Oleh: Petrus Selestinus

PENGUNGKAPAN fakta oleh Agus Rahardjo, Ketua KPK periode 2015-2019, dalam acara Rossi di Kompas TV, bahwa dirinya pernah dipanggil Presiden Joko Widodo di Istana dan diminta “hentikan” penyidikan korupsi e-KTP yang menjerat Setya Novanto, ketika kasusnya sudah masuk dalam tahap Penyidikan, membuktikan bahwa intervensi kekuasaan itu nyata adanya.

Permintaan hentikan penyidikan kasus dugaan korupsi e-KTP oleh Presiden Jokowi sebagaimana testimoni Agus Rahardjo dalam wawancara Rossi di Kompas TV, merupakan fakta hukum yang tak terbantahkan, meski diragukan kebenarannya karena tempusnya sudah lama, namun testimoni Agus Rahardjo itu dibenarkan oleh mantan Pimpinan KPK lainnya.

Dengan demikian bantahan pihak Istana bahwa pernyataan Agus Rahardjo itu tidak benar, tidak ada pertemuan Presiden Jokowi dengan Agus Rahardjo di istana dan bahwa kasus e-KTP berjalan terus hingga Setya Novanto divonis bersalah, adalah penjelasan yang membuktikan sebaliknya bahwa Jokowi gagal mengintervensi Agus Rahardjo dkk. di KPK ketika itu.

Agus Punya Bukti Kuat

Pernyataan Agus Rahardjo yang lugas di Kompas TV, sudah dikalkulasi dengan matang dan dipastikan Agus Rahardjo punya bukti kuat akan permintaan Presiden Jokowi agar Agus Rahardjo menghadap Presiden dan bukti-bukti lain yang dimiliki Agus Rahardjo, karena itu KPK bisa membuka penyelidikan baru ke arah “obstruction of justice” dengan menghadapkan Jokowi sebagai Terduga.

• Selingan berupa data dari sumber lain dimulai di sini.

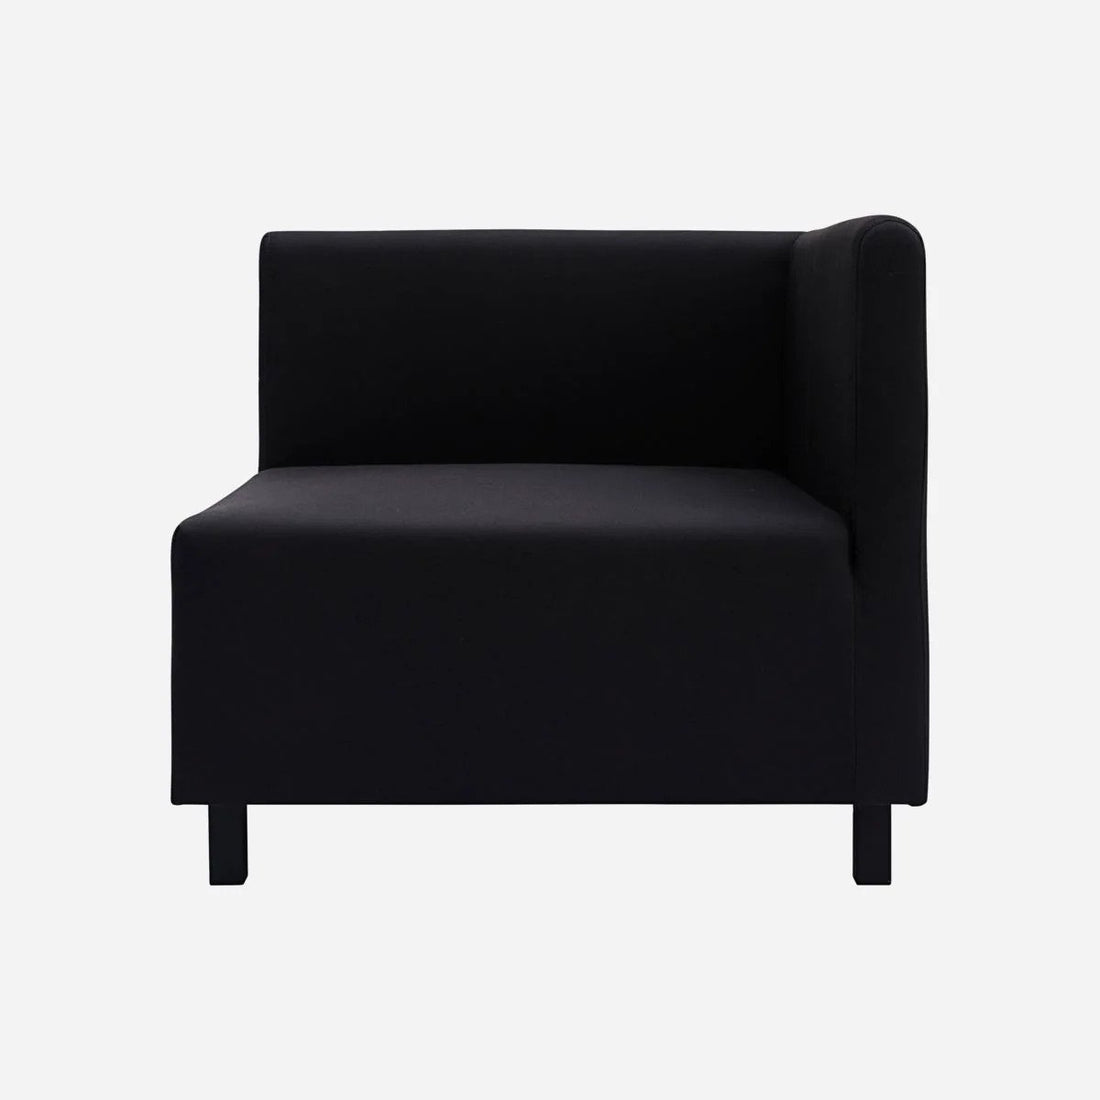 Husdoktor - soffa, hörnavsnitt, svart 85x85x44 cm

Fakta-fakta di mana kasus e-KTP dan Setya Novanto, kemudian berjalan terus, bukan karena Presiden Jokowi yang hebat karena tidak mengintervensi KPK atau tidak adanya obstruction of justice, akan tetapi yang hebat adalah KPK di era Agus Rahardjo, Cs. karena memiliki karakter kepemimpinan yang kuat yang mampu menolak intervensi dari manapun juga, termasuk dari Presiden Jokowi.

Oleh karena itu, Pimpinan KPK era Firli Bahuri dkk. harus merespons informasi tentang adanya permintaan dari Presiden Jokowi untuk menghentikan kasus dugaan korupsi e-KTP pada waktu itu, mutlak dilakukan karena kasus obstruction of justice masuk dalam kualifikasi delik formil.

Perlunya Presiden Jokowi dipanggil KPK, agar budaya hukum memperlakukan setiap orang sama di hadapan hukum (equality before the law), dapat diterapkan sebagai bagian dari budaya hukum kita untuk memperkuat visi negara hukum Indoenesia, yang selama ini tidak jelas antara ada dan tiada. (Penulis adalah  Koordinator TPDI & Perekat Nusantara).